Dresden required nearly 1,300 bombers.

[https://en.wikipedia.org/wiki/Bombing_of_Dresden_in_World_Wa...](https://en.wikipedia.org/wiki/Bombing_of_Dresden_in_World_War_II)

The ultimately produced bombs were deliverable via B-29, as that aircraft was
available. The carrier-launched Mitchell B25B was also available and had a
payload capacity of 3,000 lb., though that is 1/3 the weight of Little Boy
(the Hiroshima bomb). Whether or not a smaller package, or alternative
delivery vehicle, could have been provided, I'm not sure. Though the challenge
might have been surmountable.

[https://en.wikipedia.org/wiki/North_American_B-25_Mitchell](https://en.wikipedia.org/wiki/North_American_B-25_Mitchell)

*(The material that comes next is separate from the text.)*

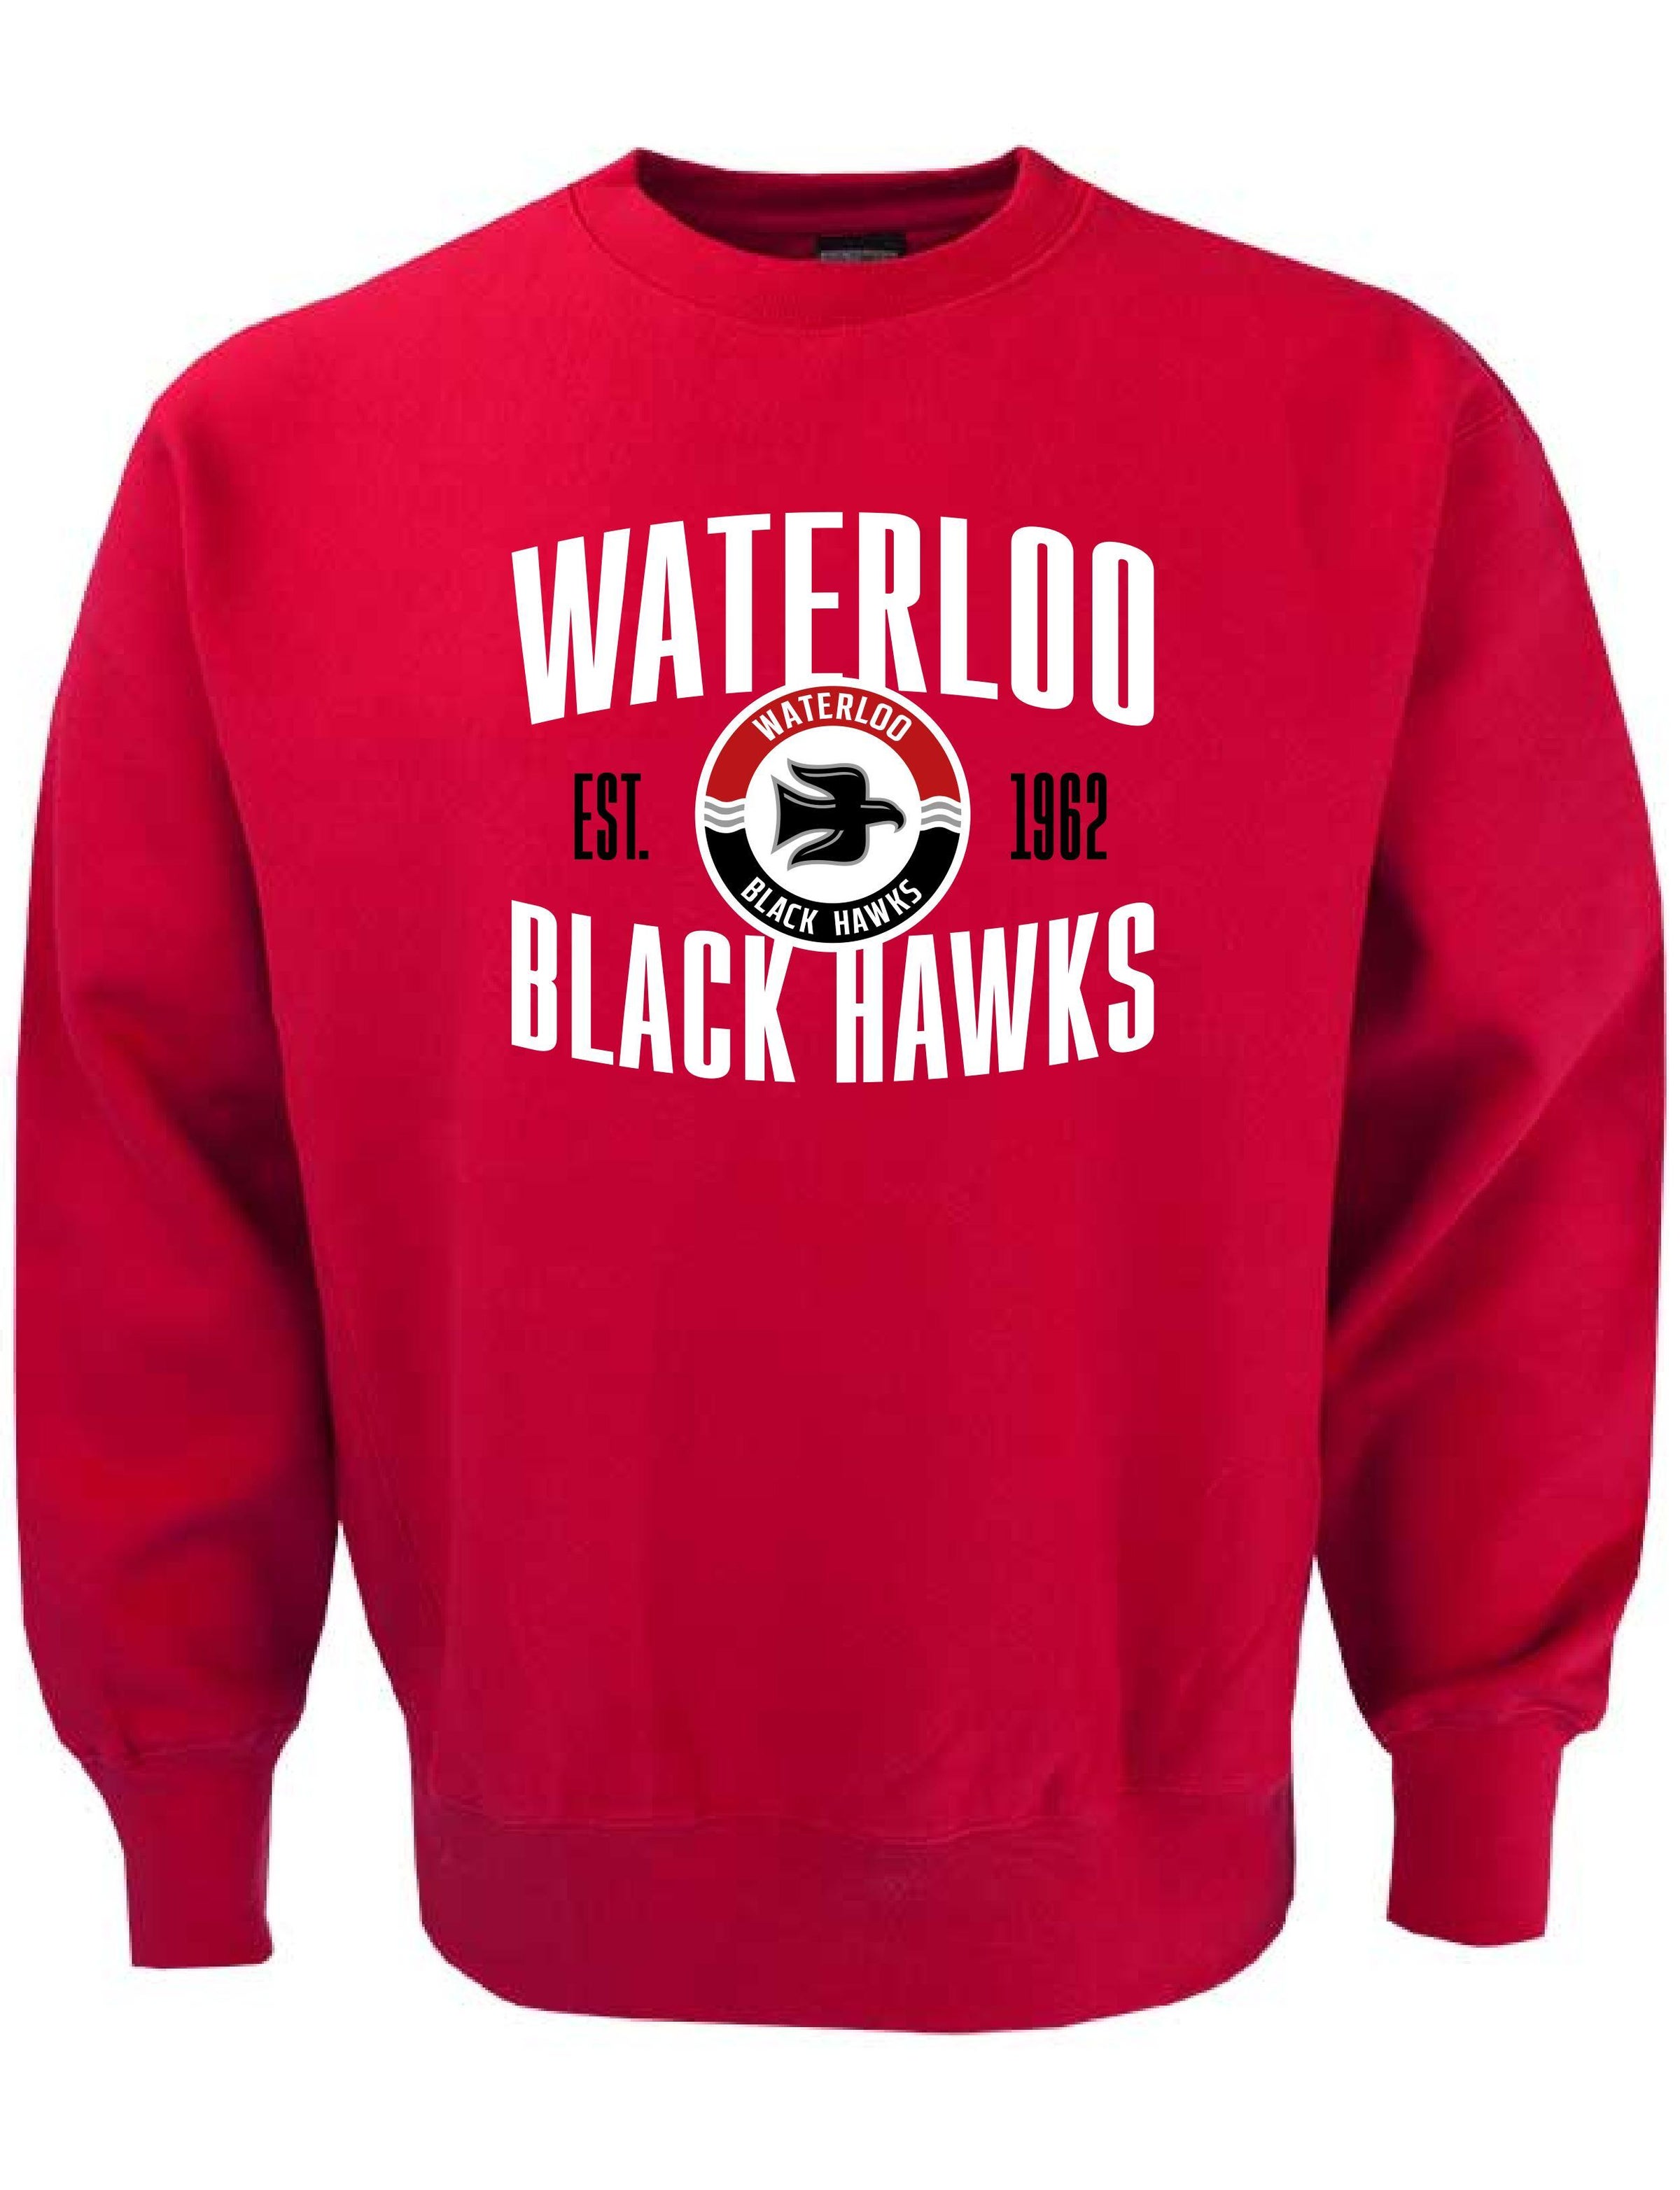 Waterloo Black Hawks Run with Deere Jerseys

[https://en.m.wikipedia.org/wiki/Little_Boy](https://en.m.wikipedia.org/wiki/Little_Boy)

Casualties _per mission_ over the European theatre were tremendous. I don't
recall the specific per-mission losses, but overall crew survival over a 25
mission tour was on the order of 50%. Japan's defences were less effective,
but again, looking at use of atomic weapons generally, the statistics are
relevant, and _during the planning_ of the Manhattan Project, use of the bomb
against Germany _was_ considered.

[http://www.ww2f.com/threads/bomber-crew-survival-rates-
durin...](http://www.ww2f.com/threads/bomber-crew-survival-rates-during-the-
war.56599/)

There's also the possibility that smaller flights might escape detection
(smaller radar target).